Les experts disent également que le gouvernement devrait élargir la définition de menace à la sécurité nationale pour inclure les menaces à l’économie et à la réputation internationale du Canada.1. Actuellement, la législation définit toute menace à la sécurité nationale comme l’espionnage ou le sabotage, l’ingérence étrangère, le recours à la violence grave et la tenue d’activités visant à renverser le gouvernement. Le gouvernement l’a interprété très largement pour justifier la déclaration de l’état d’urgence.
« Nous réfléchissons à toute cette question dans le contexte actuel », a déclaré le ministre Mendicino. Il n’exclut pas une réforme de la loi, mais évite de prendre tout engagement en ce sens. Deux leçons ont été tirées de cette expérience, selon lui : l’importance de la collaboration entre les services de police ainsi qu’entre les services de police et le gouvernement.
Comment sortir de l’impasse pour C-21 ?
Le ministre fédéral de la Sécurité publique a entrepris une tournée plus tôt ce mois-ci, à la fois virtuelle et en personne, pour rencontrer des chasseurs et des communautés autochtones du Québec, du sud-ouest de l’Ontario et du Yukon. Il espère renouveler l’expérience dans les Territoires du Nord-Ouest bientôt.
« J’ai compris que pour eux, ça faisait partie de leur identité », avoue-t-il.
Son objectif est d’essayer de rassembler des personnes aux positions diamétralement opposées. « C’est un sujet tellement émouvant, ce n’est pas facile », souligne-t-il. Si vous faites partie d’une famille qui a perdu un être cher, c’est très, très difficile. Si vous êtes membre de la communauté de chasse et autochtone, cela fait partie de votre tissu social. »
Le gouvernement a réussi à contrarier les chasseurs et les Autochtones en déposant l’automne dernier deux amendements de dernière minute au projet de loi C-21 pour interdire les armes d’assaut. Les consultations étaient alors déjà terminées.
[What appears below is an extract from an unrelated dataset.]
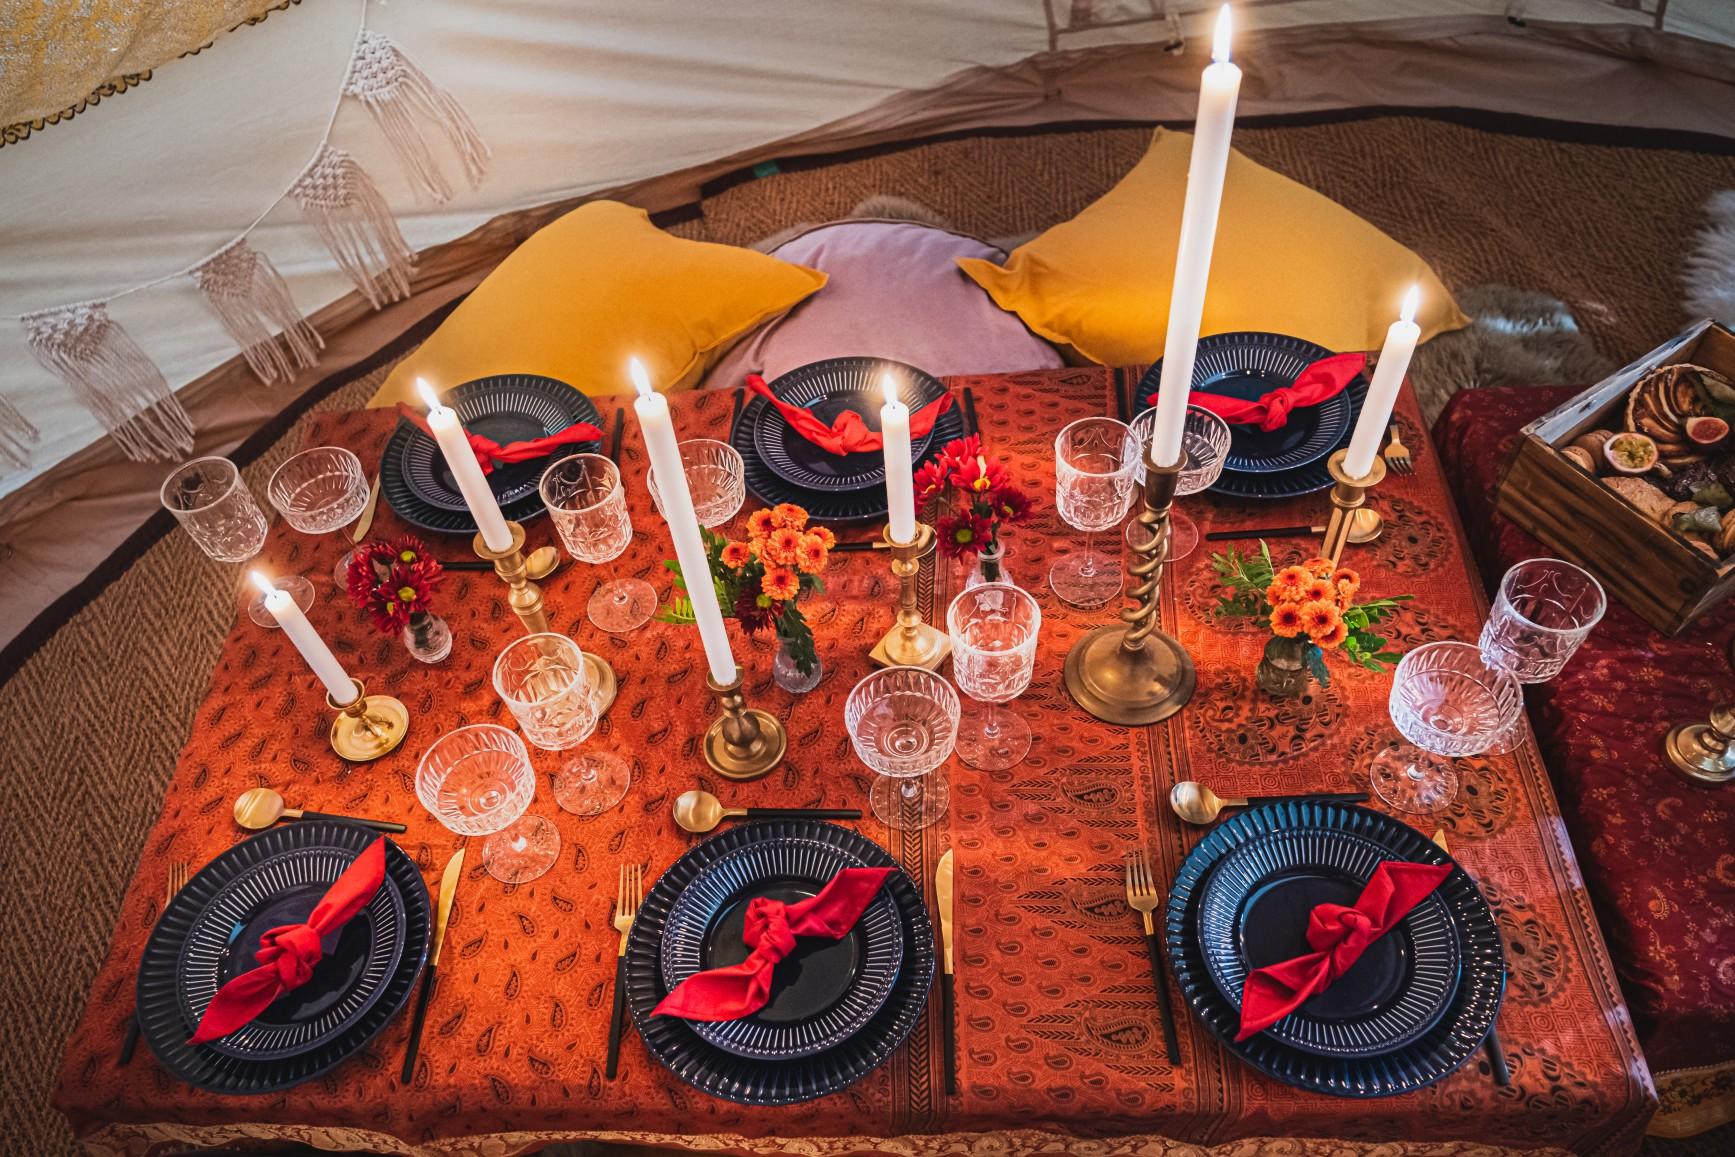 colourful micro wedding at patricks barn - wedding picnic - small wedding catering - boho wedding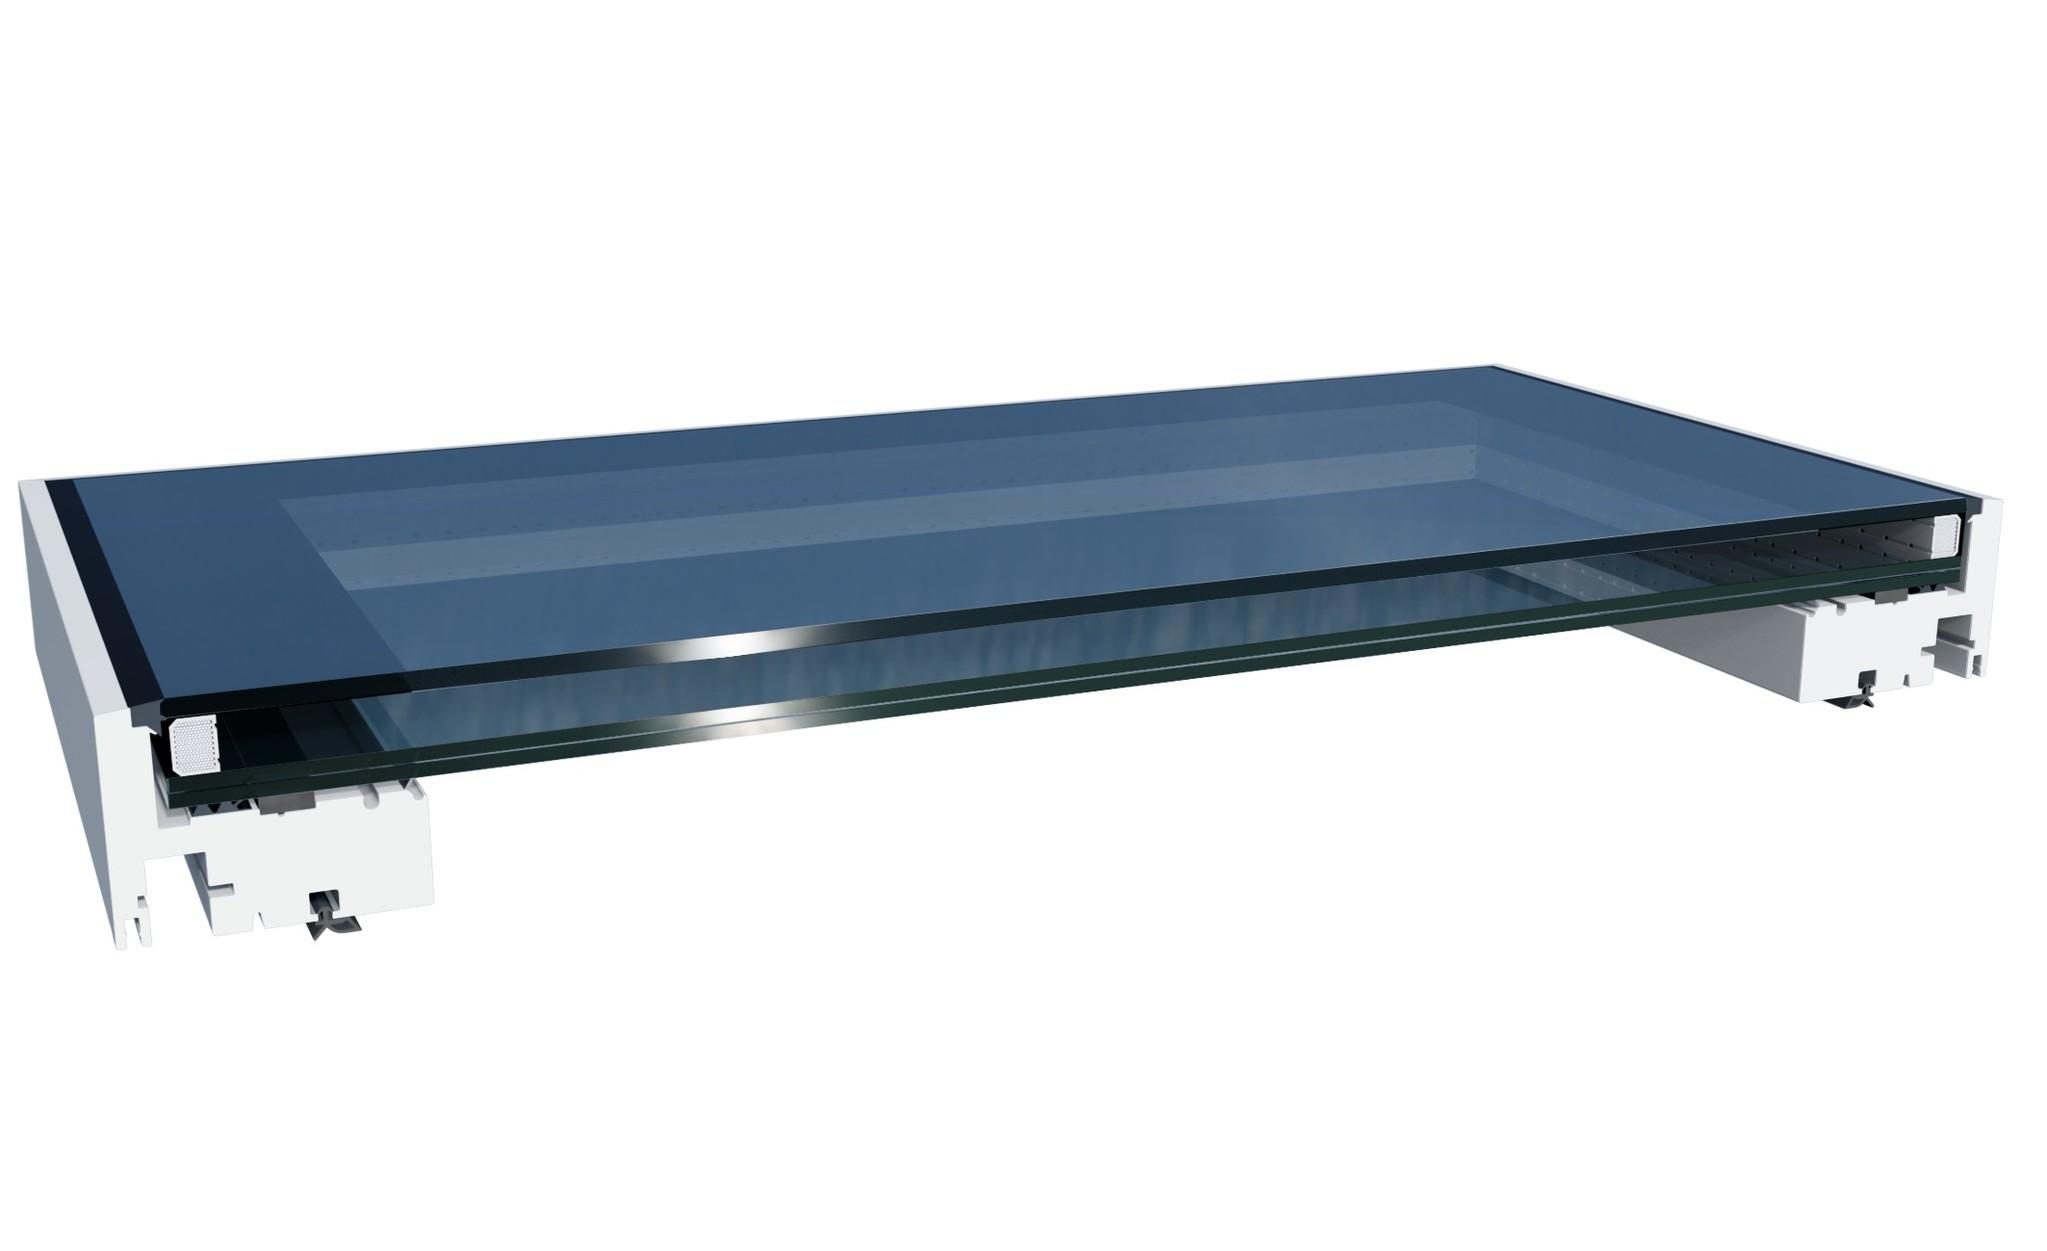 Intura - Lichtkoepel renovatiemodule Intura DGP A1 80x130cm - upgrade oude lichtkoepels - Copy

Certains, comme les fusils de type SKS, sont également utilisés pour la chasse.
Les modifications sont importantes parce que l’objectif du gouvernement est d’interdire les armes d’assaut, un type d’arme à feu qui a été créé pour la guerre et qui a été utilisé dans les plus grandes tragédies de notre histoire.
Marco Mendicino, ministre fédéral de la Sécurité publique
Cependant, il se dit prêt à les « affiner » à la lumière des commentaires reçus. L’un de ces amendements propose une longue liste d’armes à feu à interdire, dont le SKS. Il s’agit d’une arme de style militaire, mise au point par les Soviétiques pendant la Seconde Guerre mondiale, qui est devenue populaire auprès des chasseurs, y compris des membres des Premières Nations.
« Le SKS a été créé pour la guerre et le temps qui passe n’y change rien », a déclaré le ministre Mendicino, rappelant que cette arme a été utilisée pour tuer deux policiers en octobre dans le comté de South Simcoe, en Ontario. Elle semble donc être sur la liste pour de bon.
M. Mendicino rappelle que le projet de loi C-21 fait partie d’une stratégie dont les deux autres piliers comprennent la saisie des armes à feu illégales à la frontière et une stratégie de prévention de la criminalité armée.